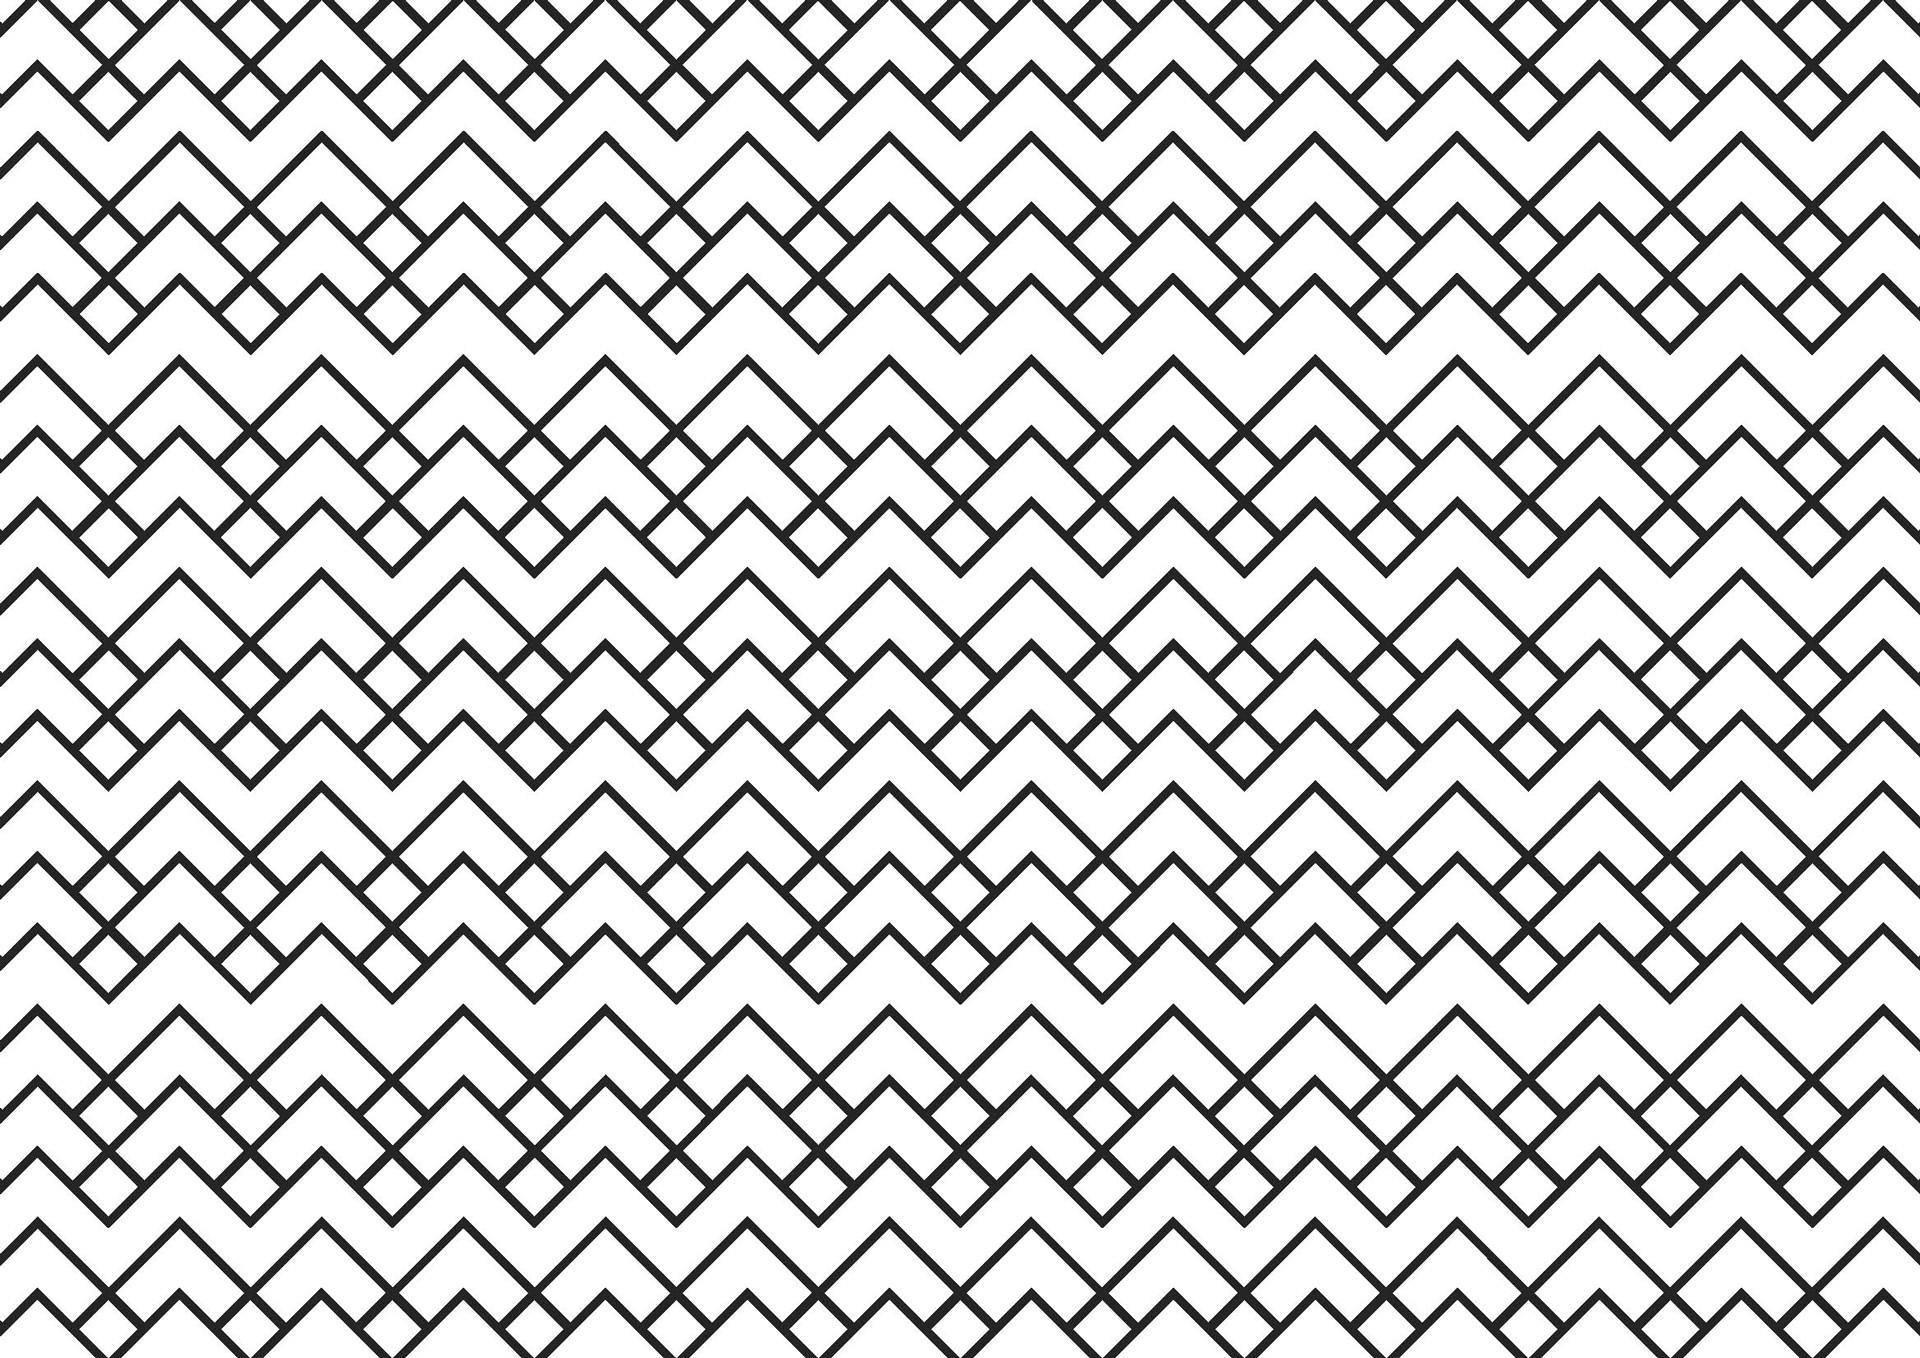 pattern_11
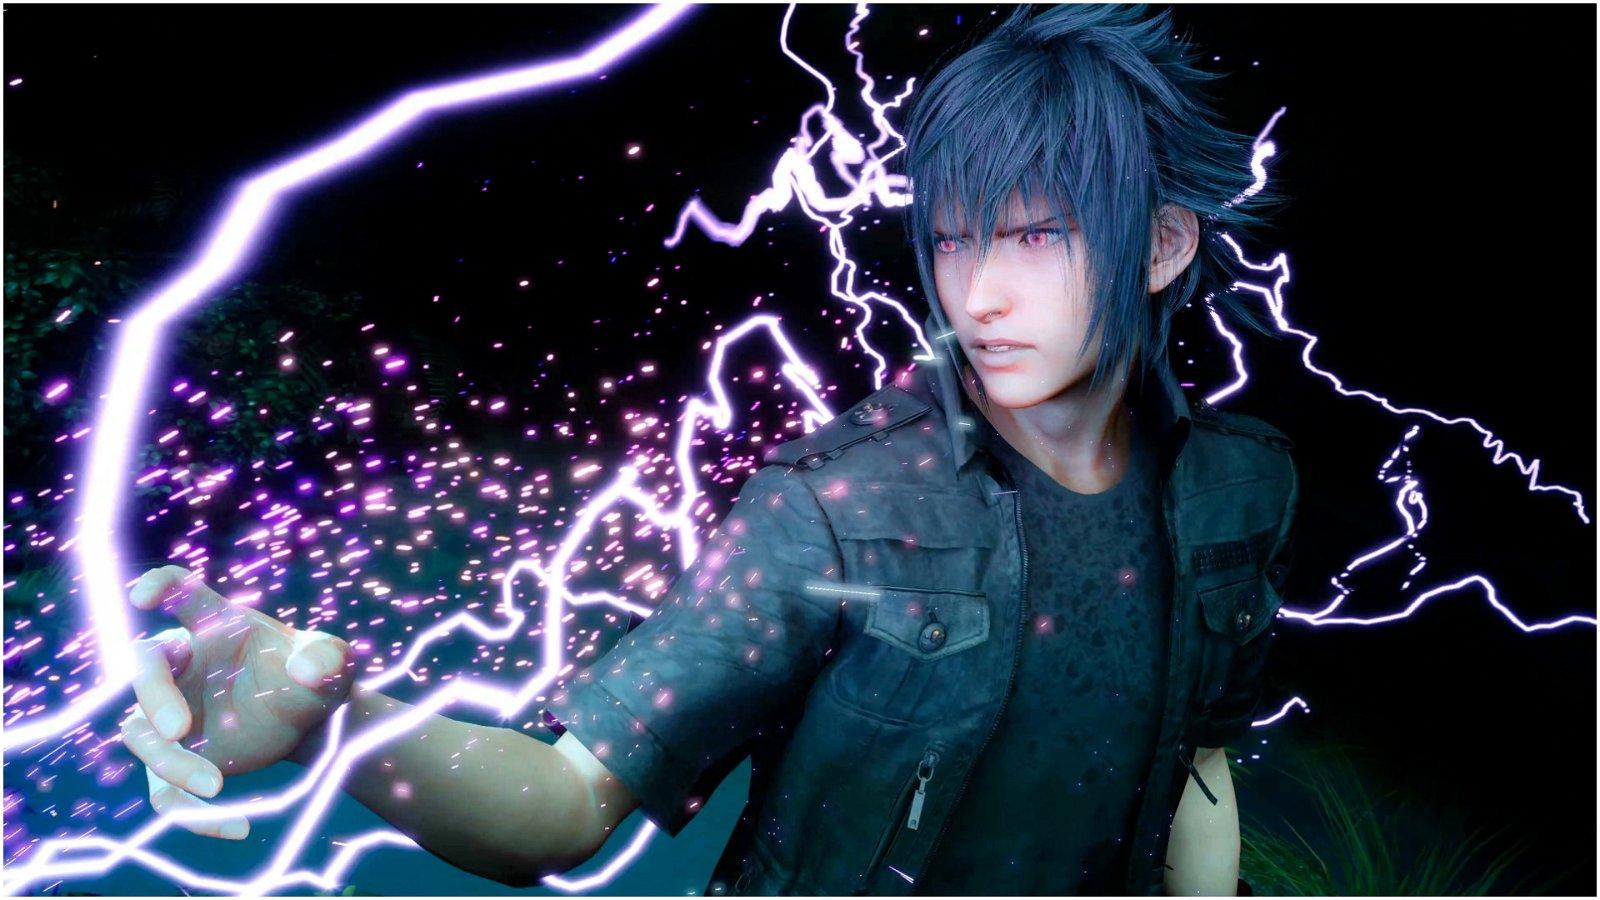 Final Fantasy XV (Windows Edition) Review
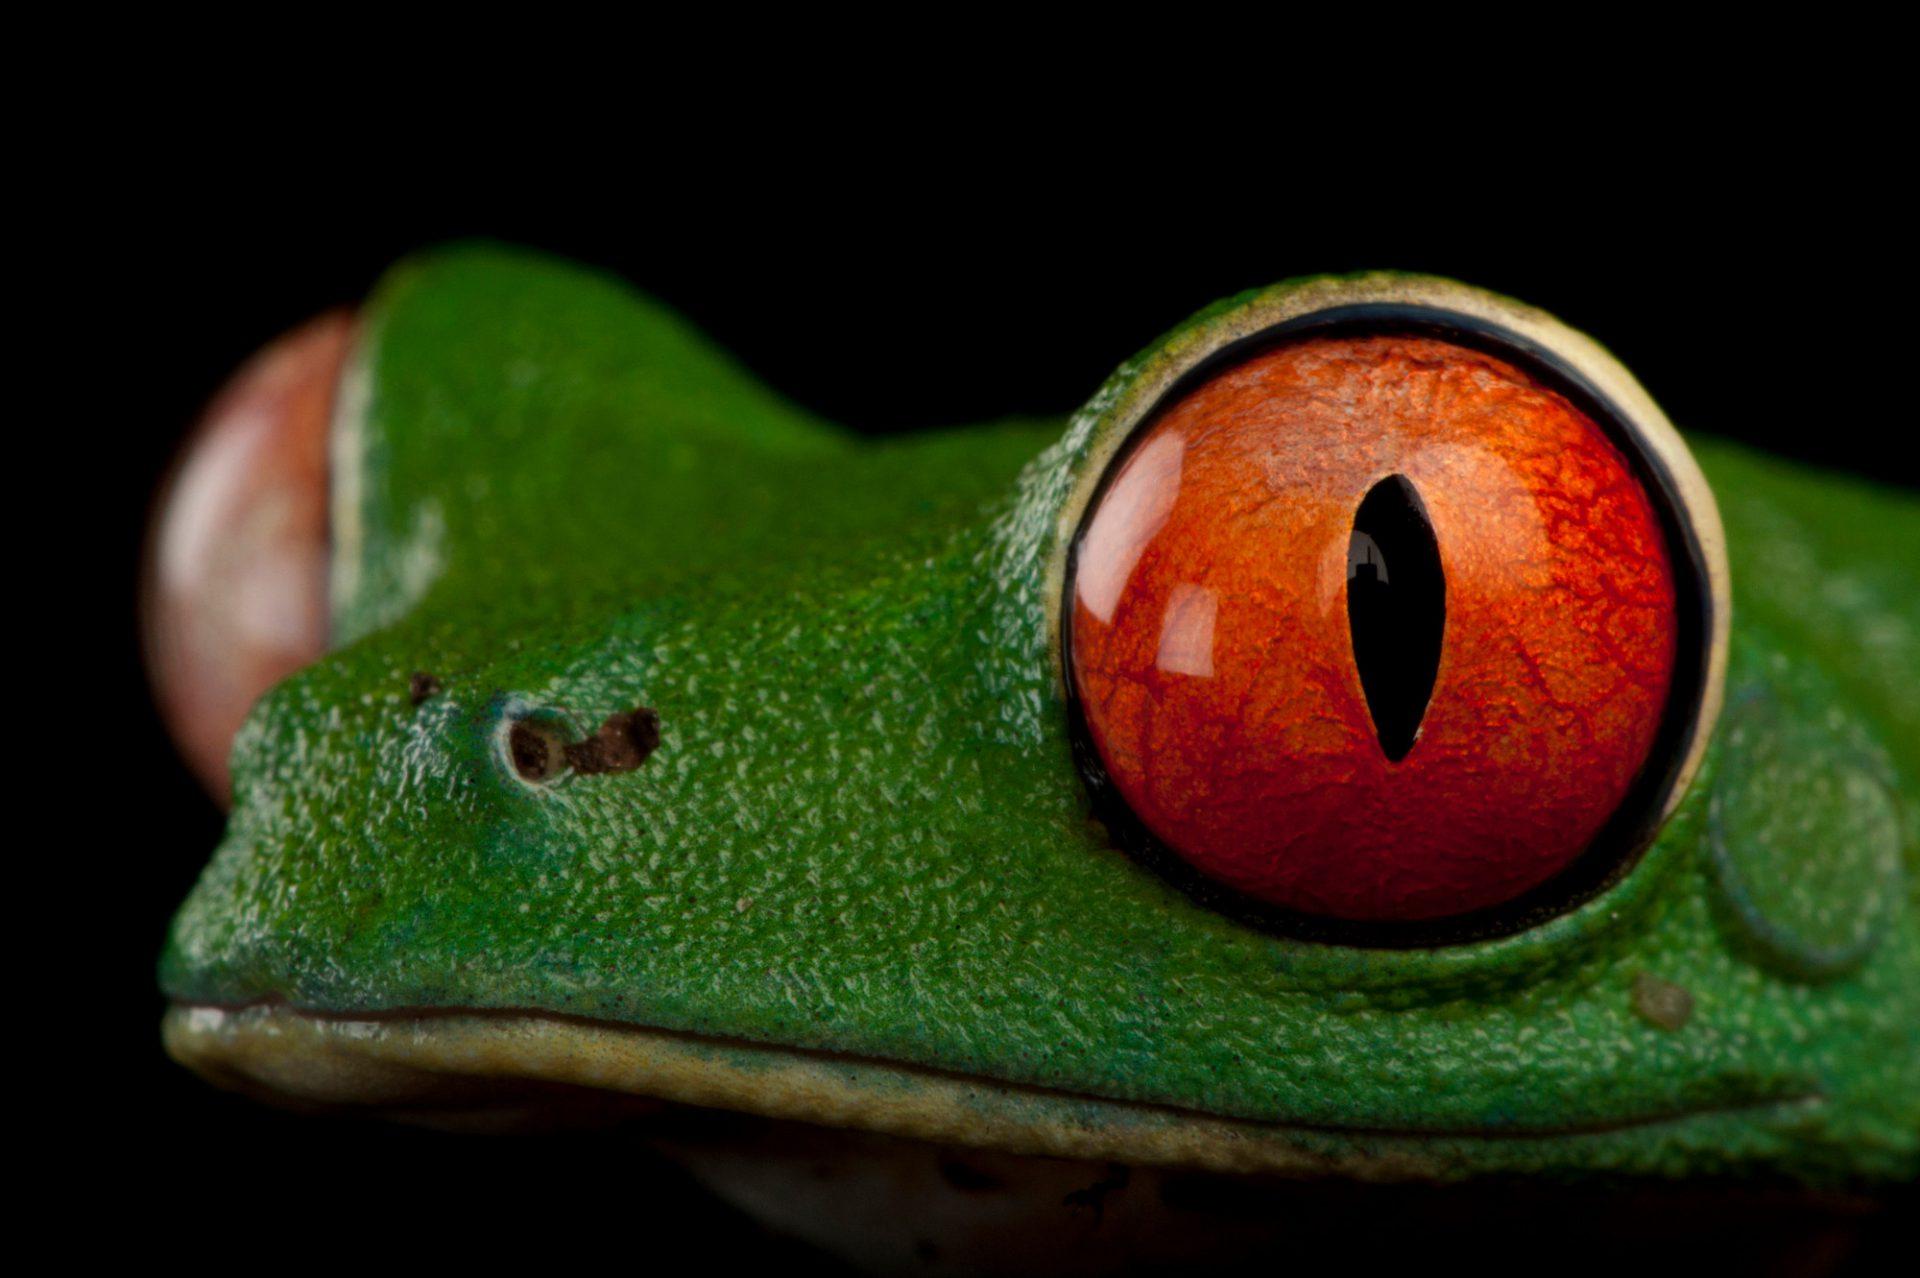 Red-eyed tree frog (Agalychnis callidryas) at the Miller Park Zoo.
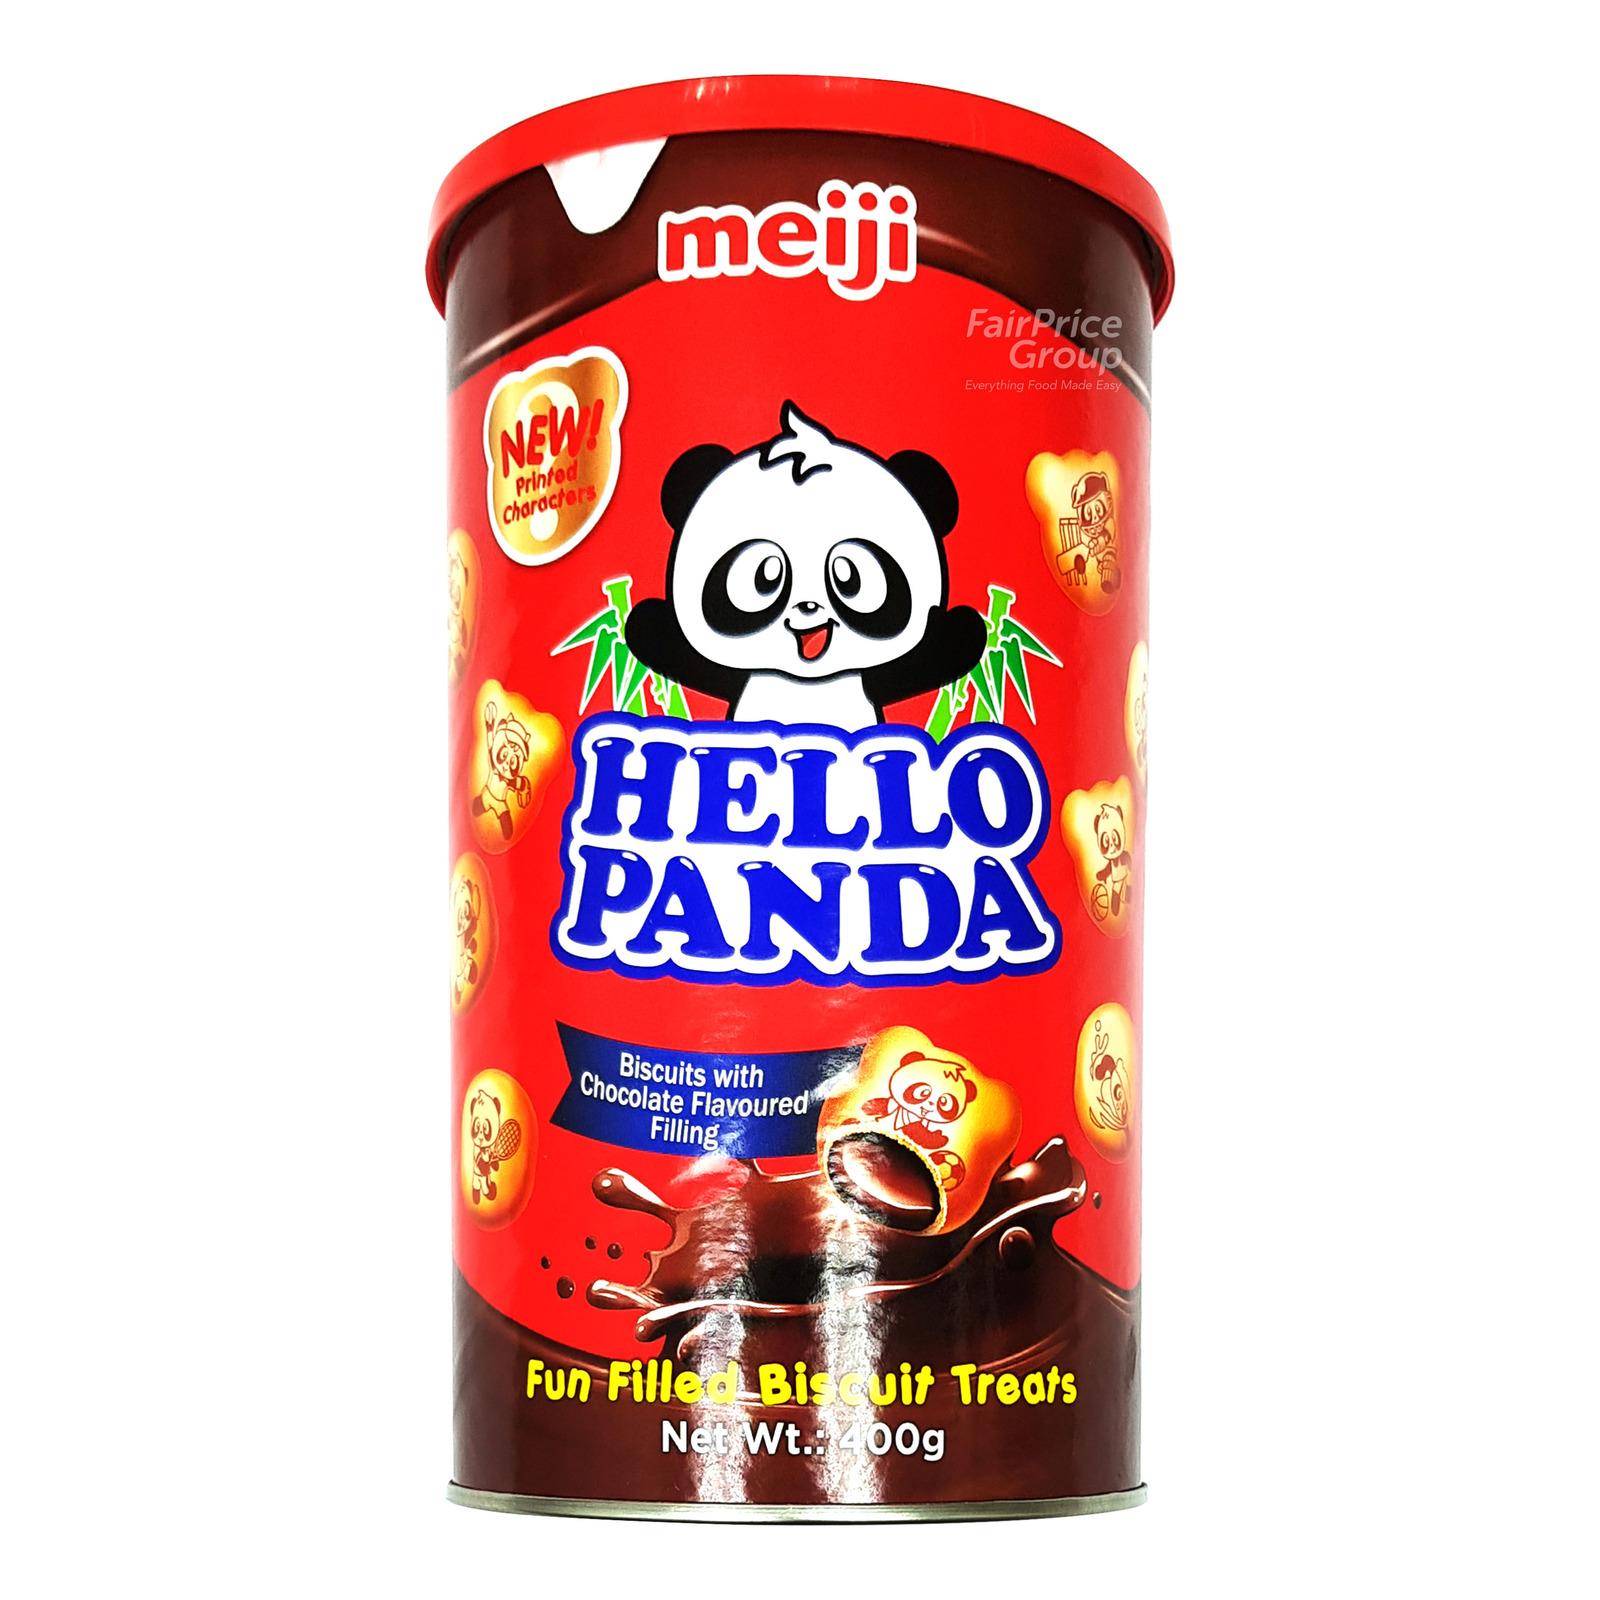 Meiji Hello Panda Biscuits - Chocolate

----------

§ **EXERCISE**: Retype the whole listing above exactly as written. Skip the pictures.

§ **TASK ANSWER**:
 pattern_11
 Final Fantasy XV (Windows Edition) Review
 Red-eyed tree frog (Agalychnis callidryas) at the Miller Park Zoo.
 Meiji Hello Panda Biscuits - Chocolate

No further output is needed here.